Bill Zito played Richard Brooks‘ Sonata for Guitar, a harmonically biting pavane descending to lithe fingerpicking and back as the first movement warmed with some Elizabethan tinges. The remainder of the work was an acerbic blend of baroque stairstepping with wry jazz phrasing, hints of flamenco and some welcome, recurringly humorous bits.

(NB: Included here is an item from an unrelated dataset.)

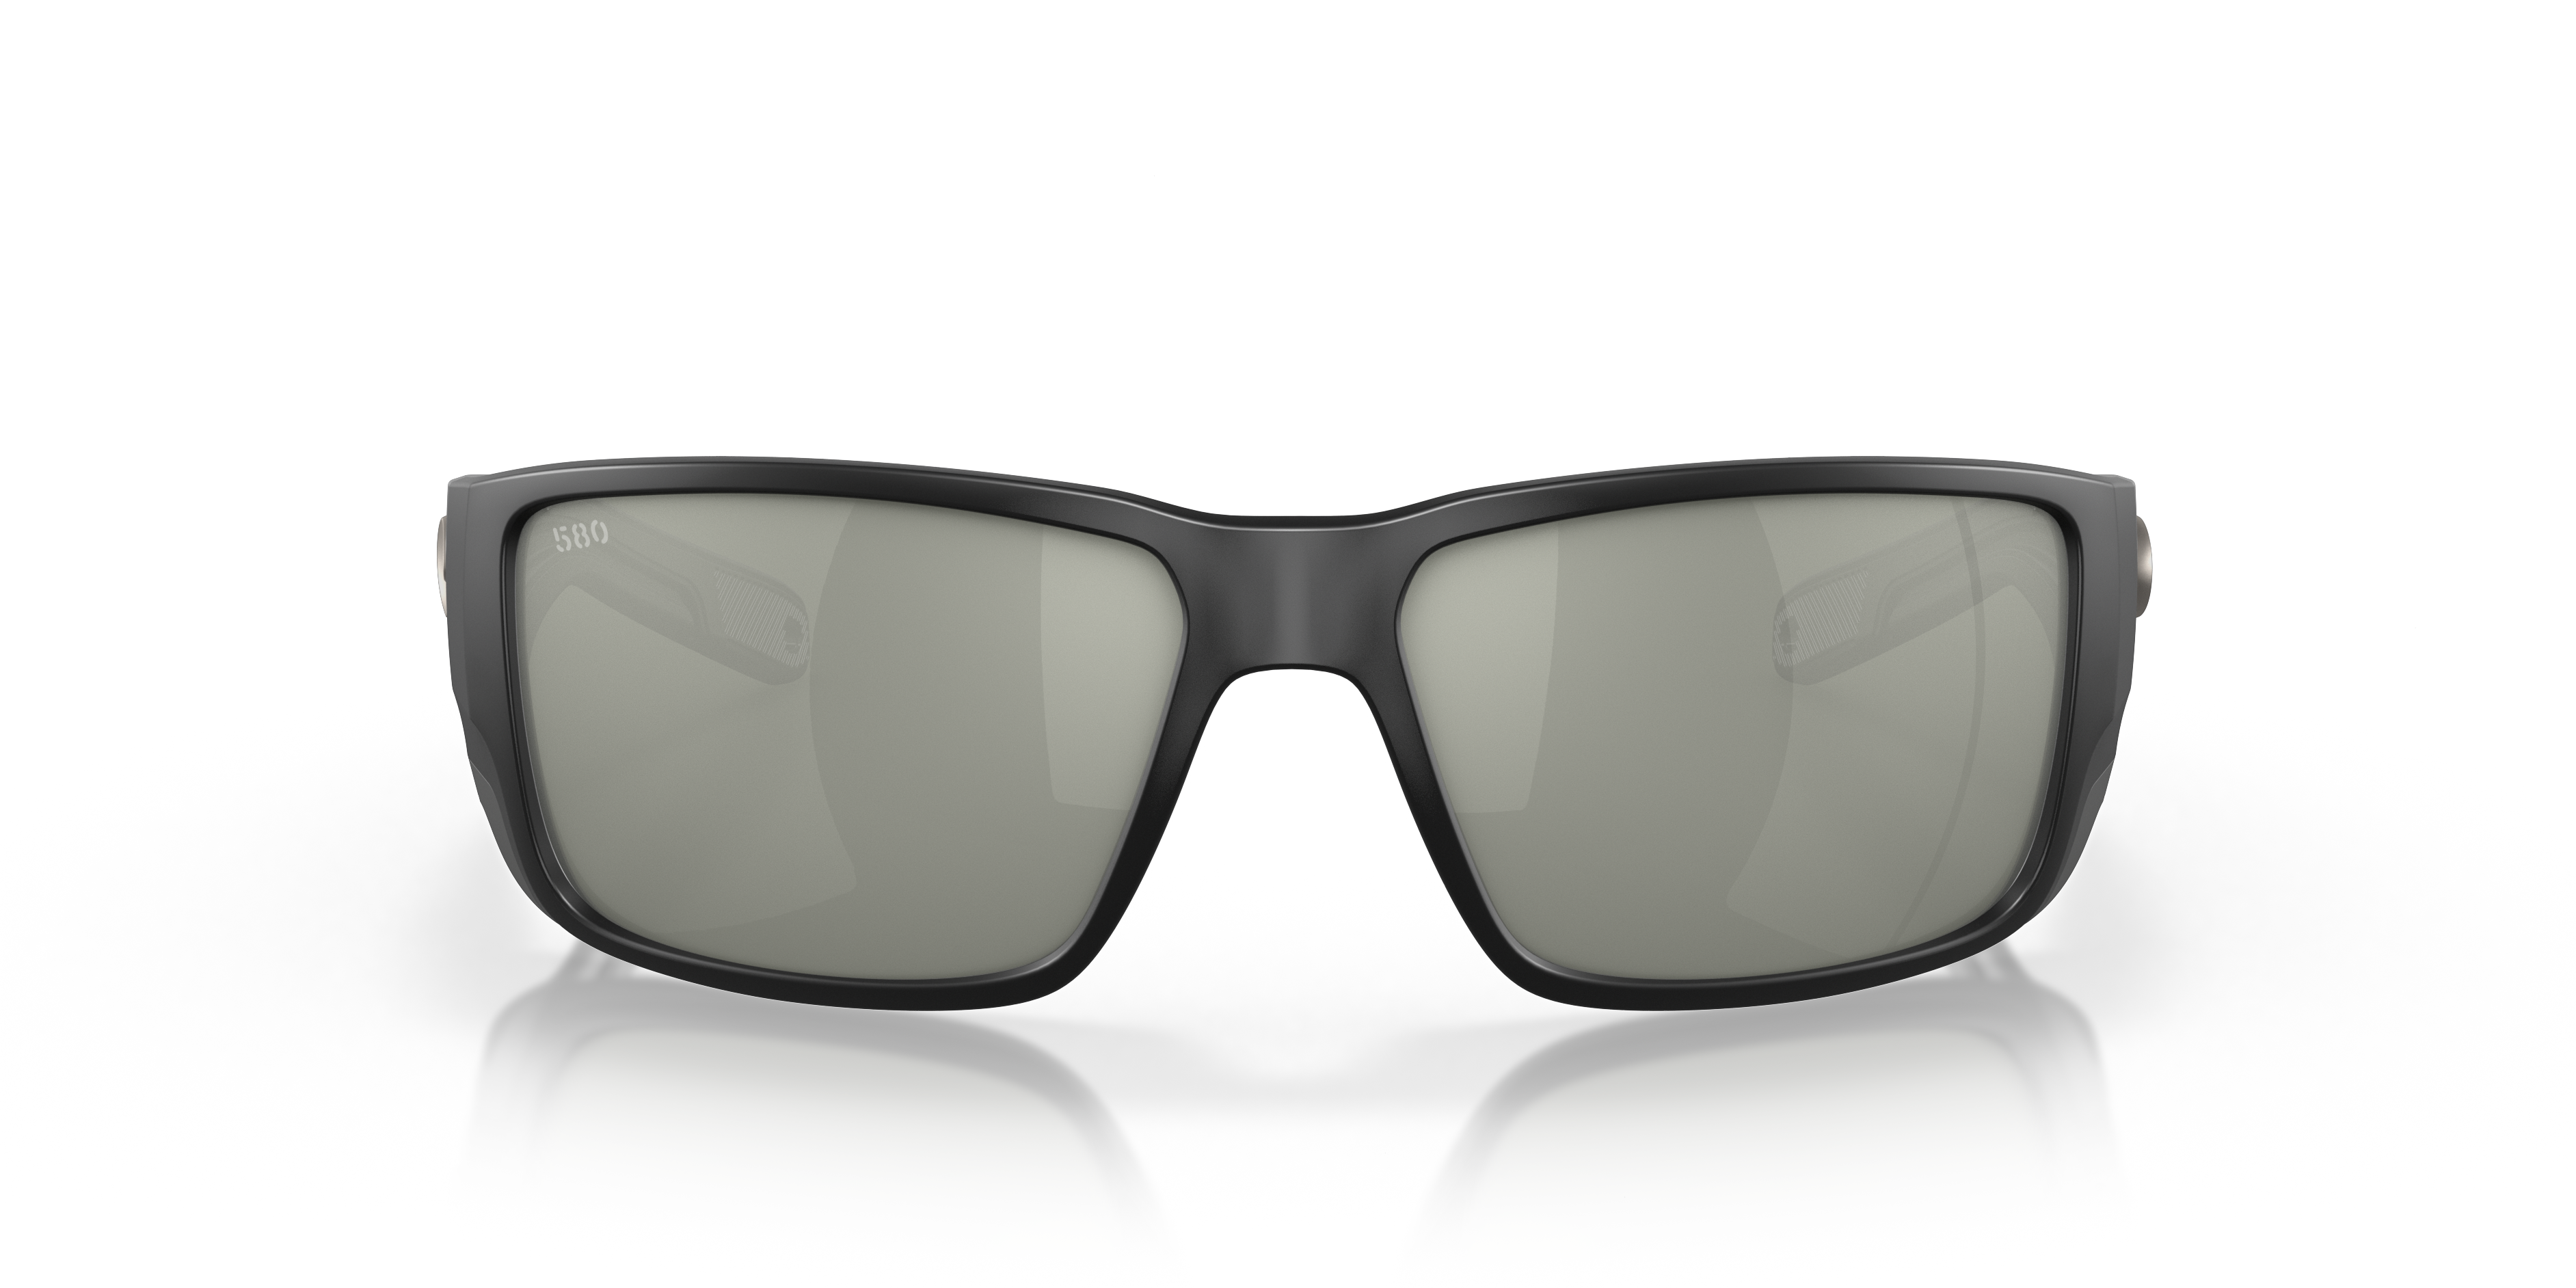 New Costa Del Mar Prop Polarized Sunglasses 580P Matte Black/Silver Gray Mirror

After the intermission, Ketter returned to the piano for Roger Blanc‘s Fantasy Variations, which the composer described as an attempt to get “maximum bang for buck” out of a seven-note scale. Uneasy close harmonies persisted in the opening stroll, which became more of a hauntingly hypnotic, rising and falling march. Ketter reveled casually in the fanged chromaties of the warily swinging fugue that followed. Blanc invested his buck well here.

Guitarist Oren Fader played Igor Vorobyov’s 2019 piece Elegy in the Old Style, a New York premiere springboarded by the Composers Circle’s ongoing cultural exchange with some of their Moscow colleagues. A call-and-response between spiky harmonics and spare, broodingly resonant chords harked back to Scriabin, an unexpected influence for guitar music. As Fader alternated between steady cascades and a brooding, spacious minimalism, it became a pensive ballad, interrupted.

The final piece on the bill was Consolations, a solo piano partita by Dana Dimitri Richardson. Ketter methodically parsed an increasingly agitated, chromatically-charged ballad for angst and rippling poignancy, then found a missing link between Rachmaninoff and Mompou. The progression from chiming, insistent belltones to High Romantic echoes amid a clenched-teeth, syncopatedly punching drive was the high point of the night.

The third part came across as a somber mid 20th century homage to the Chopin E minor prelude, the fourth a ringing, resounding mashup of a Balkan funeral ballad, Russian romanticism and late-period Ligeti, maybe. It made for a darkly glittering driving coda.